→ Information provided:
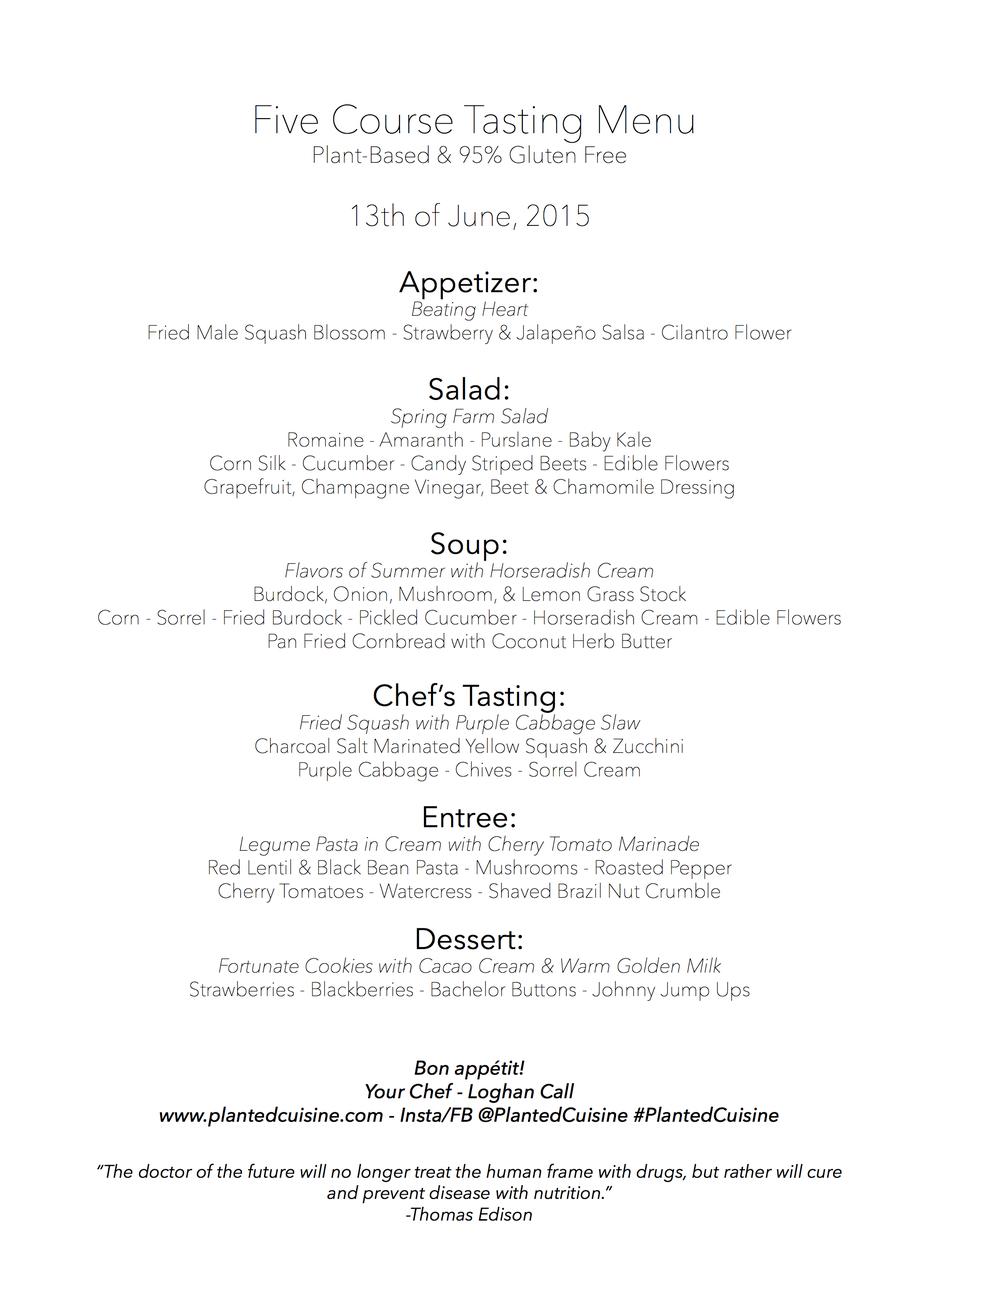 Chef's Tasting Menu - 6.13.15.jpg
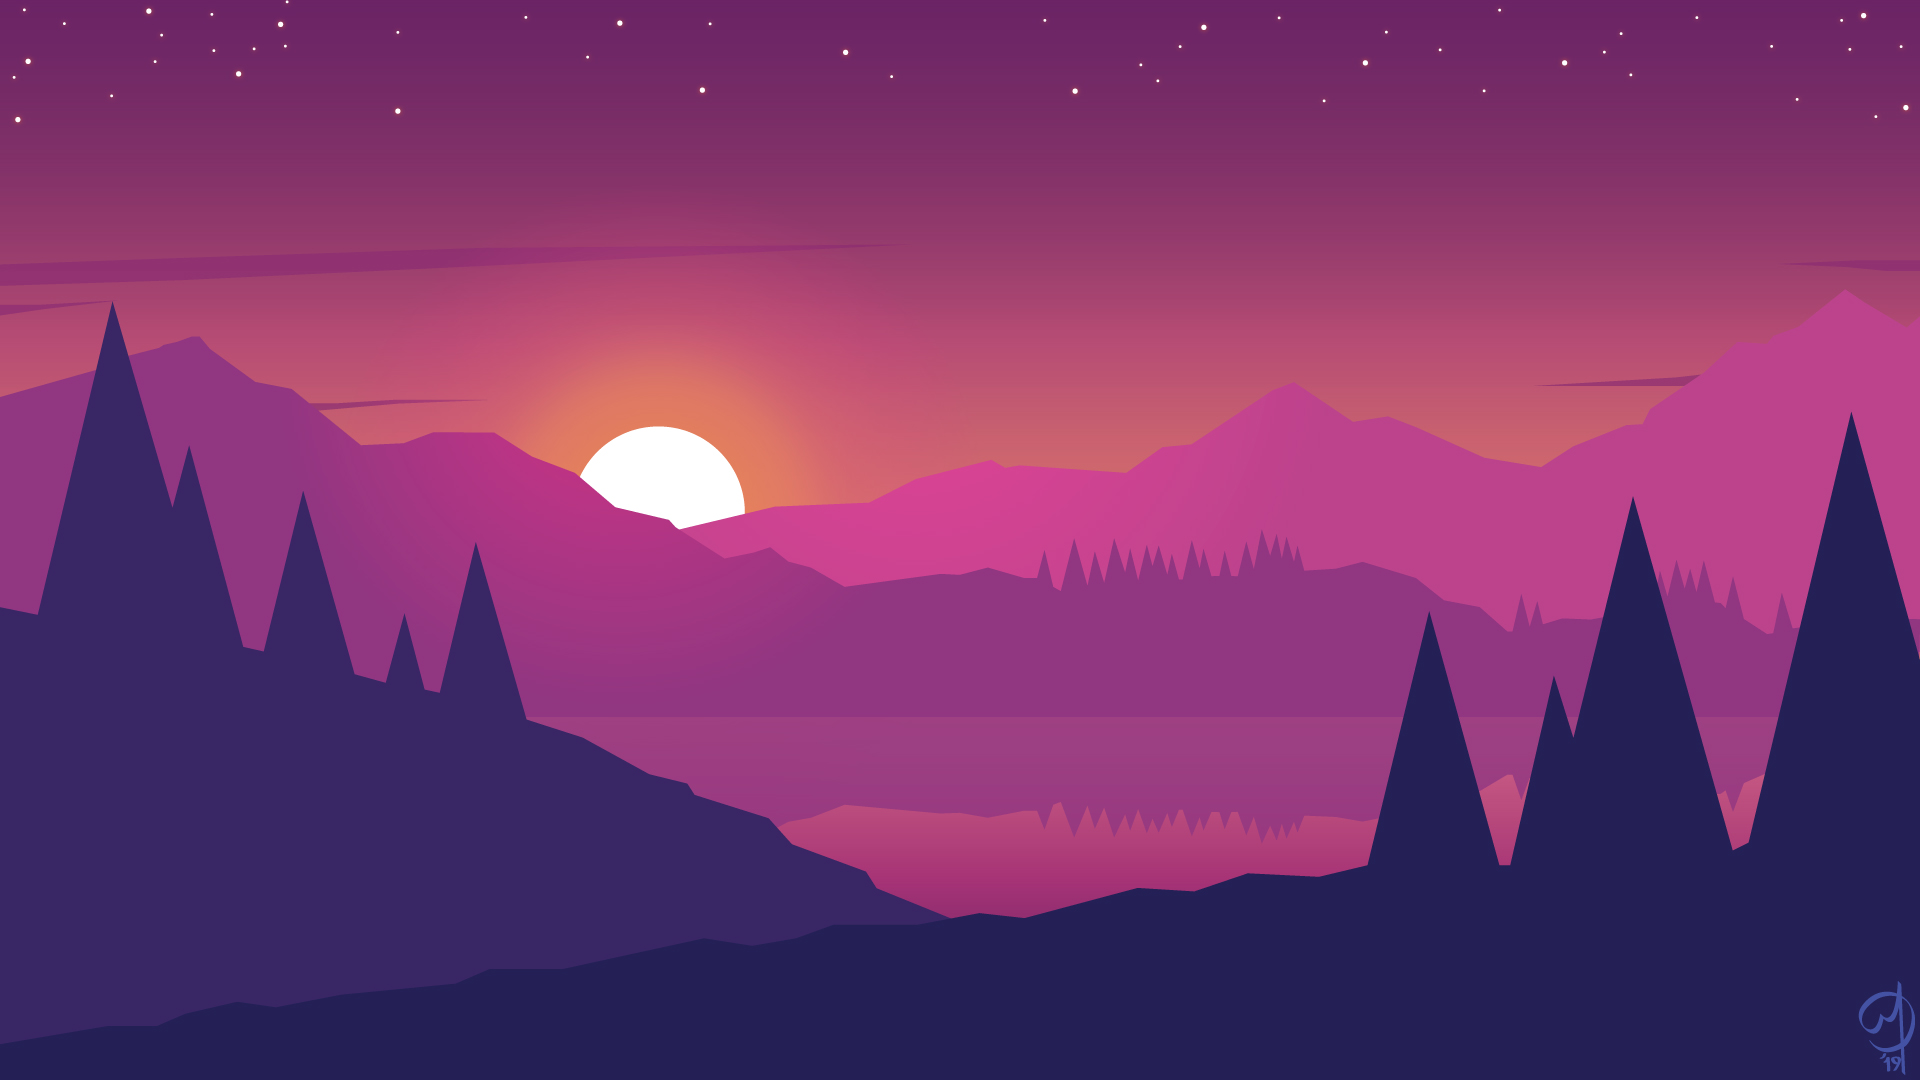 1920x1080 Minimalist Mountains Landscape Scenery Laptop Full
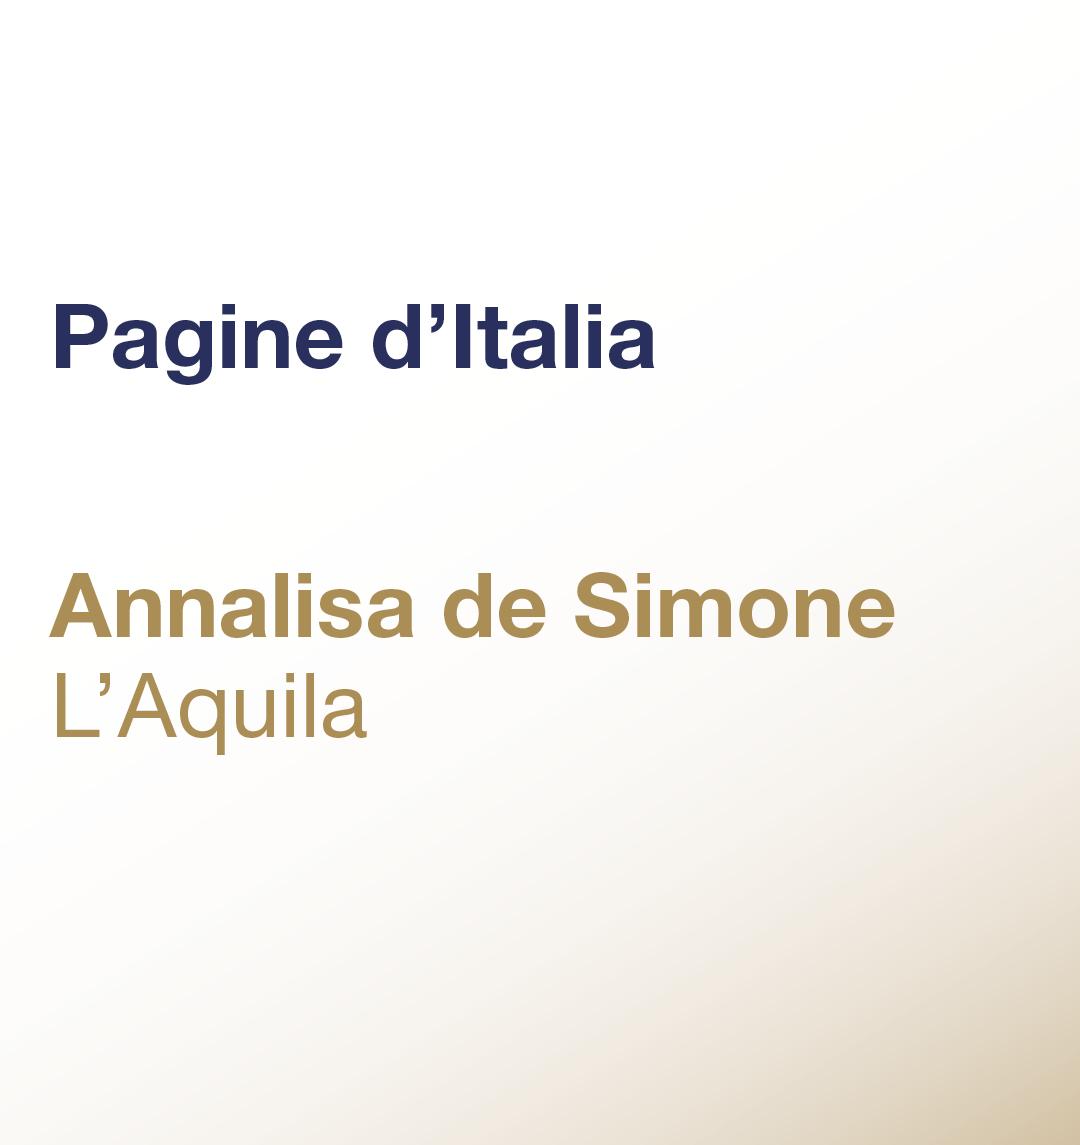 Pagine d'Italia – Annalisa De Simone – L'Aquila

→ Work to be completed: The whole listing above is to be printed again exactly; pictures stay out of it.

→ Reply to the exercise:
 Chef's Tasting Menu - 6.13.15.jpg
 1920x1080 Minimalist Mountains Landscape Scenery Laptop Full
 Pagine d'Italia – Annalisa De Simone – L'Aquila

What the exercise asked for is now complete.